Plus que jamais, le président contesté de l’APN joue avec les nerfs de ses adversaires. Après avoir procédé au blocage de l’entrée principale du siège de l’Assemblée dans la matinée de ce mardi 16 octobre, les députés contestataires ont tenu une réunion dans l’après-midi pour décider des suites à donner à leur action.
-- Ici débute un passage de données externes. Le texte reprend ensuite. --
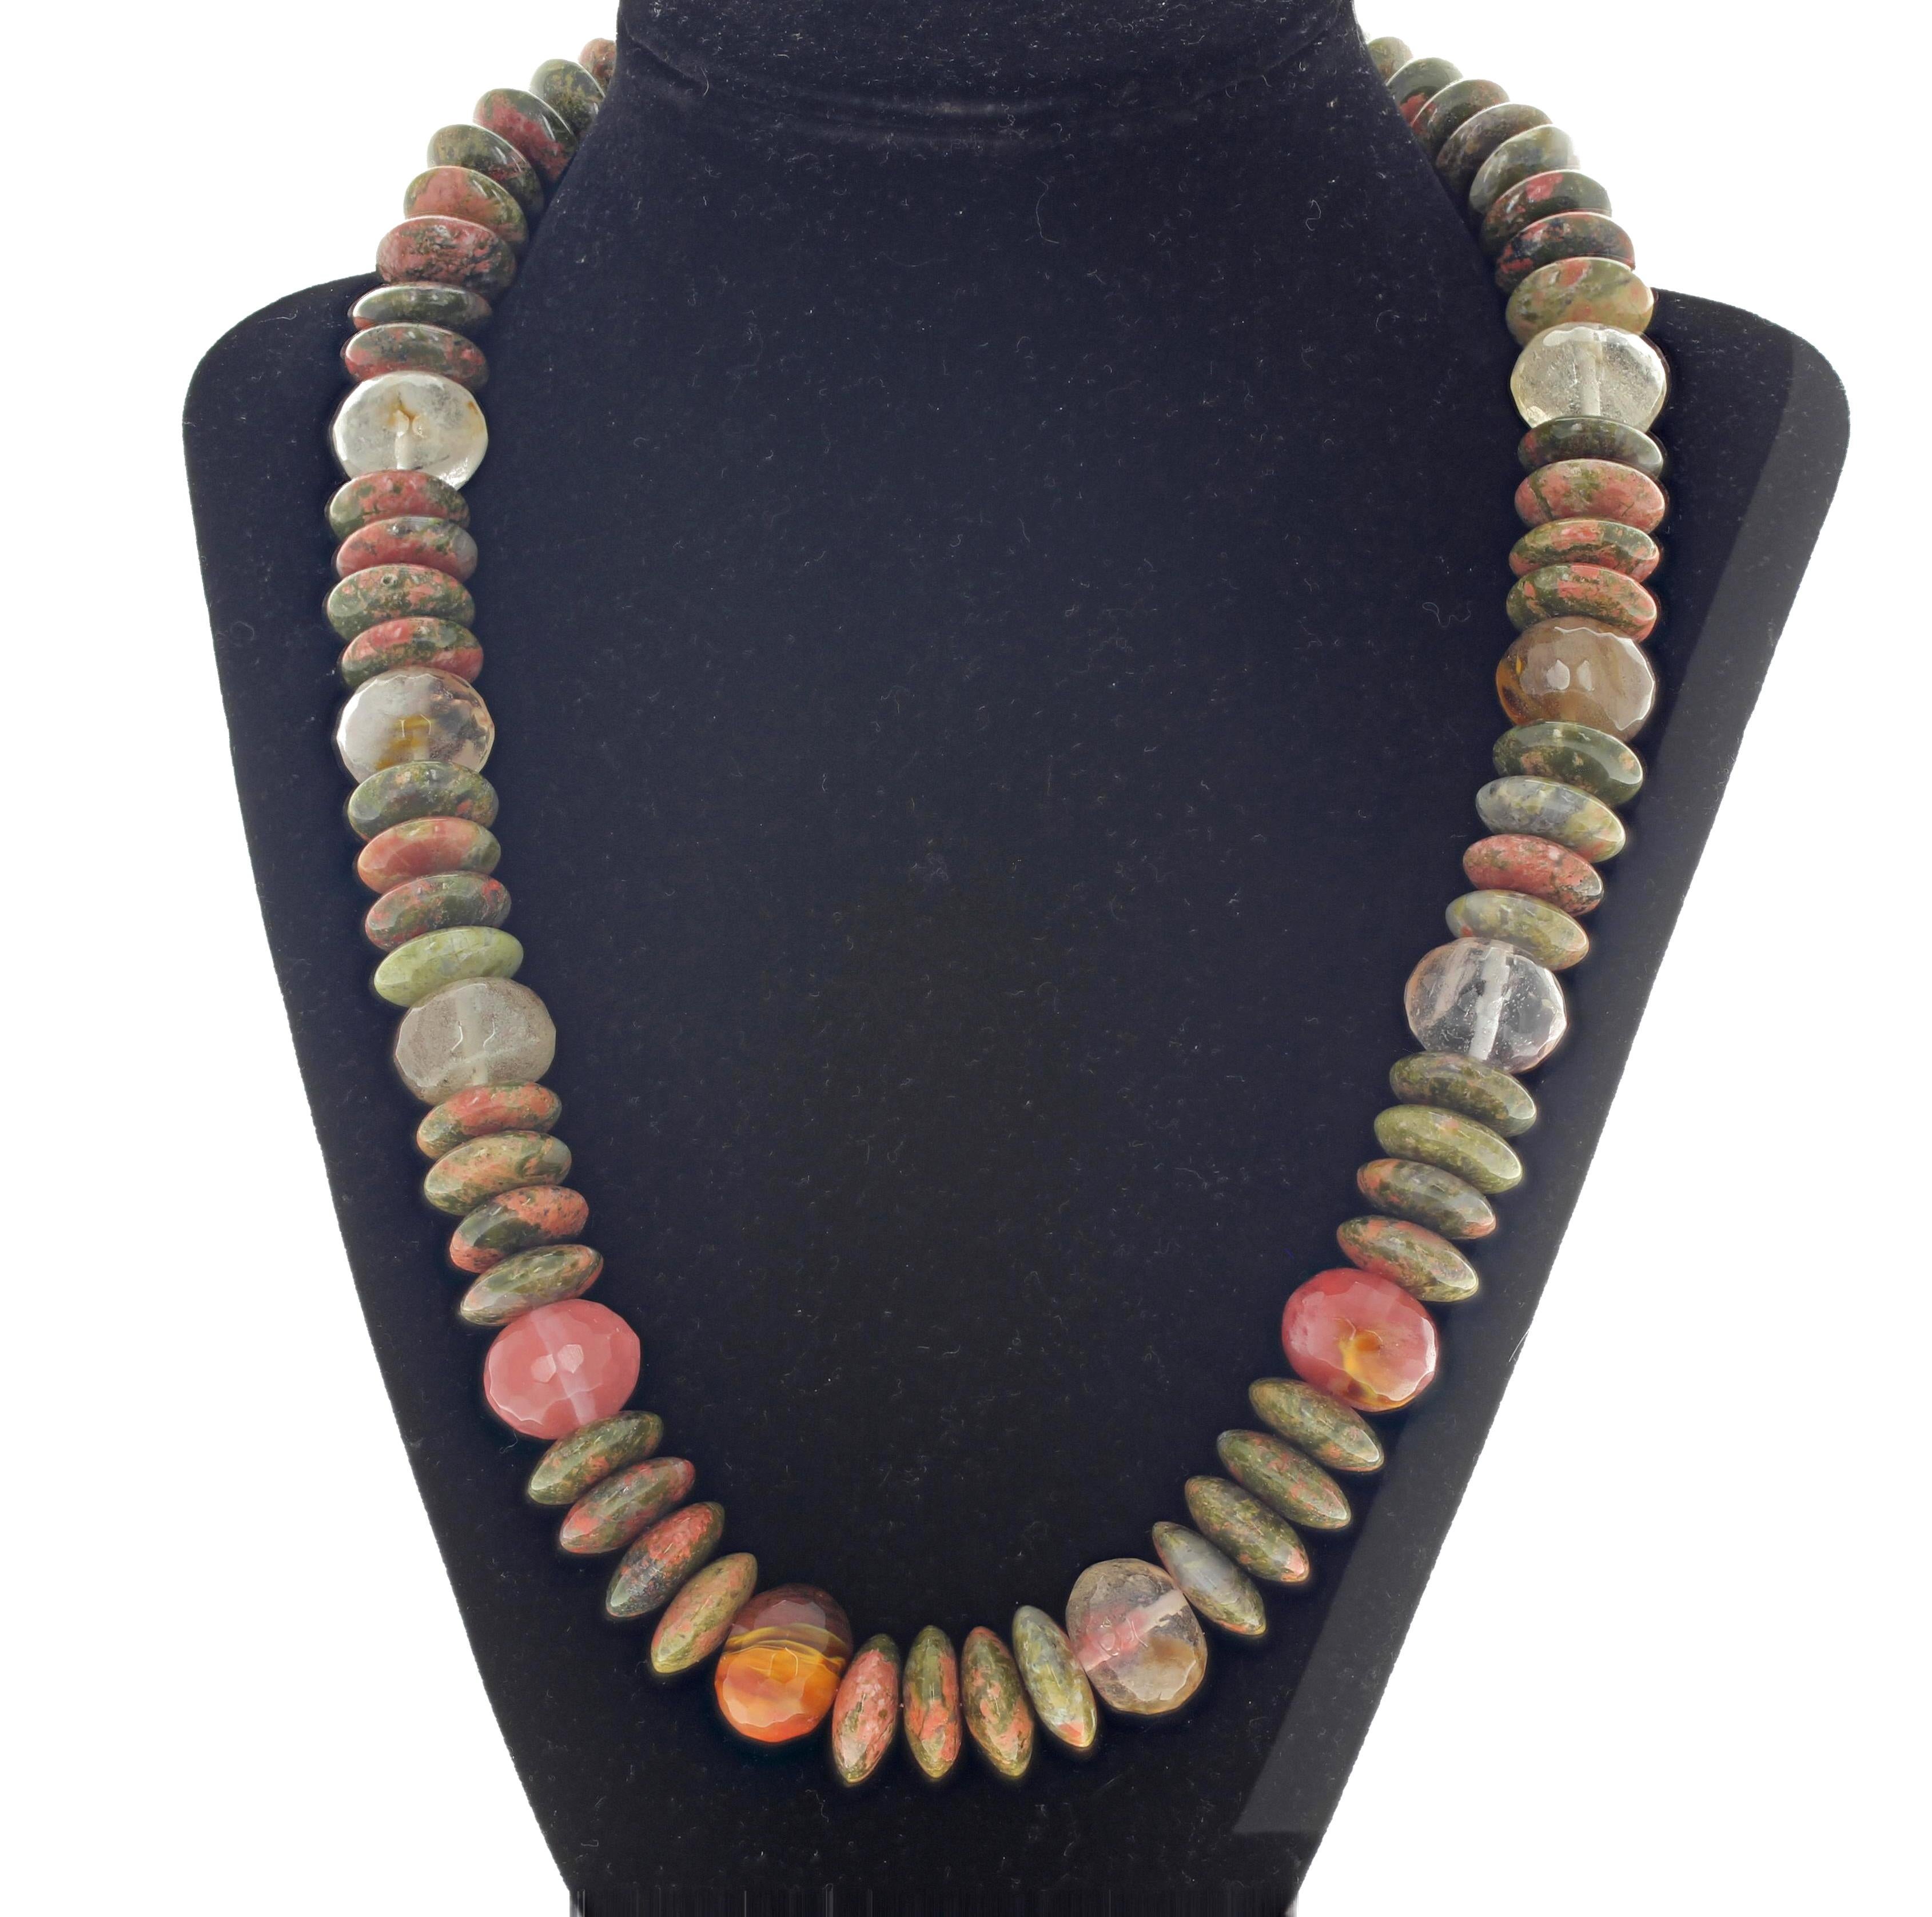 This looks hand painted !! The Jasper is a natural pink and green design (16 mm across) and is enhanced with shining gem cut Agates and Quartz set in a 20.5 inch necklace with a gold tone hook clasp.   
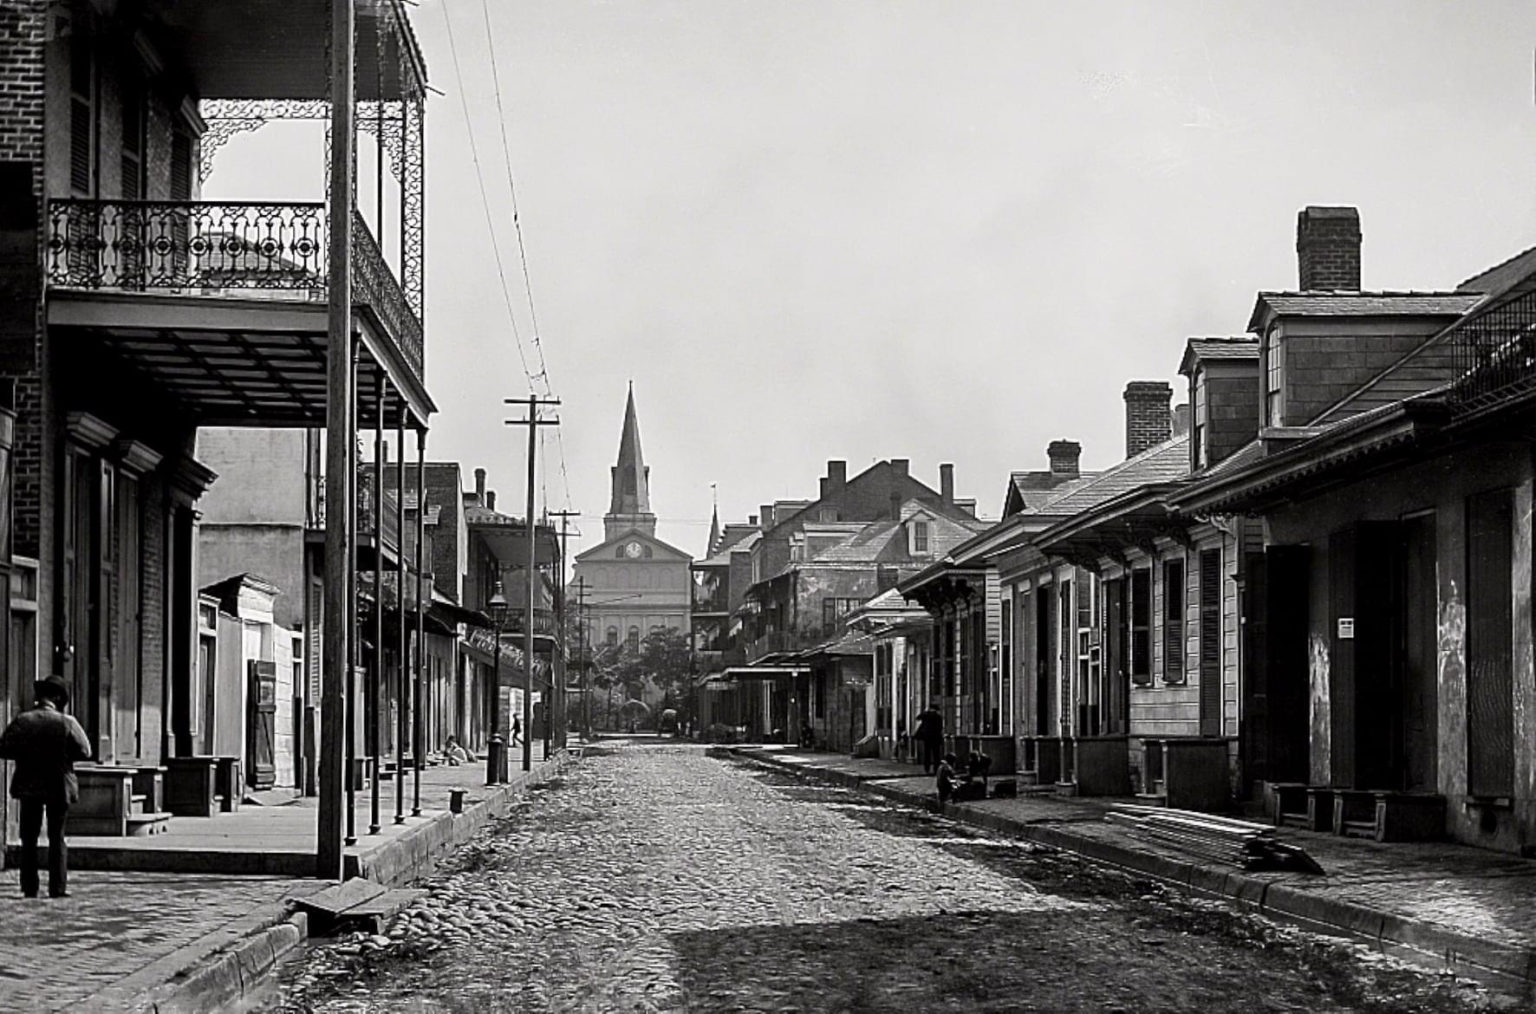 Orleans Street near Cathedral of St. Louis, c. 1890

À l’issue du conclave, ils ont rendu publique une déclaration qui traduit plus leur désarroi que leur détermination. « Devant la situation qui prévaut à l’APN, et vu la transgression du règlement intérieur et suite à la levée de la couverture politique de M. Bouhadja qui appartient au groupe du FLN, nous appelons le bureau de l’Assemblée à prendre les mesures qui s’imposent », indiquent-ils dans la déclaration lue par le président du groupe parlementaire du MPA, Hadj Cheikh Berbara.
Le Bureau de l’Assemblée devrait donc se réunir ce mercredi à 14h, mais pour prendre quelles mesures, du moment que ni la destitution ni aucune disposition pouvant pousser Saïd Bouhadja vers la sortie ne sont prévues par les textes régissant le Parlement, soit la constitution, la loi organique de 2016 et le règlement intérieur ? Le Bureau va-t-il assumer l’incroyable pas franchi ce mardi par certains députés qui ont scellé les portes de l’Assemblée et attendu de pied ferme le président contesté pour l’empêcher de rejoindre son bureau ?
Le Bureau, pas plus que les présidents des groupes parlementaires et des commissions permanentes, ne dispose d’aucun outil légal pour obtenir la démission du président. Il ne reste que l’illégalité dans laquelle les contestataires s’enfoncent chaque jour un peu plus, car même le bureau auquel ils jettent la patate chaude ne peut se réunir sans être dûment convoqué par le président de l’Assemblée. C’est dans l’article 18 du règlement intérieur qui stipule aussi que l’ordre du jour de la réunion doit être communiqué aux membres 48 heures avant sa tenue.
Comment des députés dont la mission première est d’élaborer les lois peuvent-ils à ce point ignorer celles qui régissent le fonctionnement de leur institution ? Si le Bureau opte lors de sa réunion de ce mercredi pour la constatation de la vacance présidence de l’Assemblée, il se retrouvera en porte-à-faux avec les dispositions de l’article 10 du même règlement intérieur, qui lui confère certes ce pouvoir, mais seulement dans des conditions qui ne souffrent d’aucune ambiguïté. « En cas de vacance de la présidence de l’Assemblée Populaire Nationale par suite de démission, d’incapacité ou d’incompatibilité ou de décès, il est procédé à l’élection du Président de l’Assemblée populaire nationale suivant les mêmes modalités prévues par le présent règlement intérieur, dans un délai maximum de quinze (15) jours à compter de la déclaration de la vacance. »
Aucune de ces situations ne s’applique au cas de Saïd Bouhadja. Lui bloquer l’accès à son bureau pour ensuite constater la vacance du poste, c’est un plan d’une incroyable ingénuité qui ne fera qu’enfoncer davantage ses auteurs dans l’illégalité
Ils pourraient aussi mettre à profit la réunion de ce mercredi pour interpeller officiellement les « plus hautes autorités du pays » sur la situation qui prévaut à l’Assemblée. Mais là aussi, ce serait un mépris clair à leur institution, censée être indépendante du pouvoir exécutif en vertu de la constitution qui consacre la séparation des pouvoirs. Aussi, il n’est pas sûr que la Présidence de la République appréciera, elle qui, par le biais de canaux officieux, ne cesse de répéter que la crise à l’APN ne la concerne ni de près de loin.
Il restera alors peut-être aux députés contestataires la solution qui parait la plus sensée : renvoyer la balle aux chefs de leurs partis respectifs, Djamel Ould Abbès et Ahmed Ouyahia en tête, en leur demandant de trouver une solution politique à un problème politique qu’ils ont créé pour des raisons sans doute aussi politiques.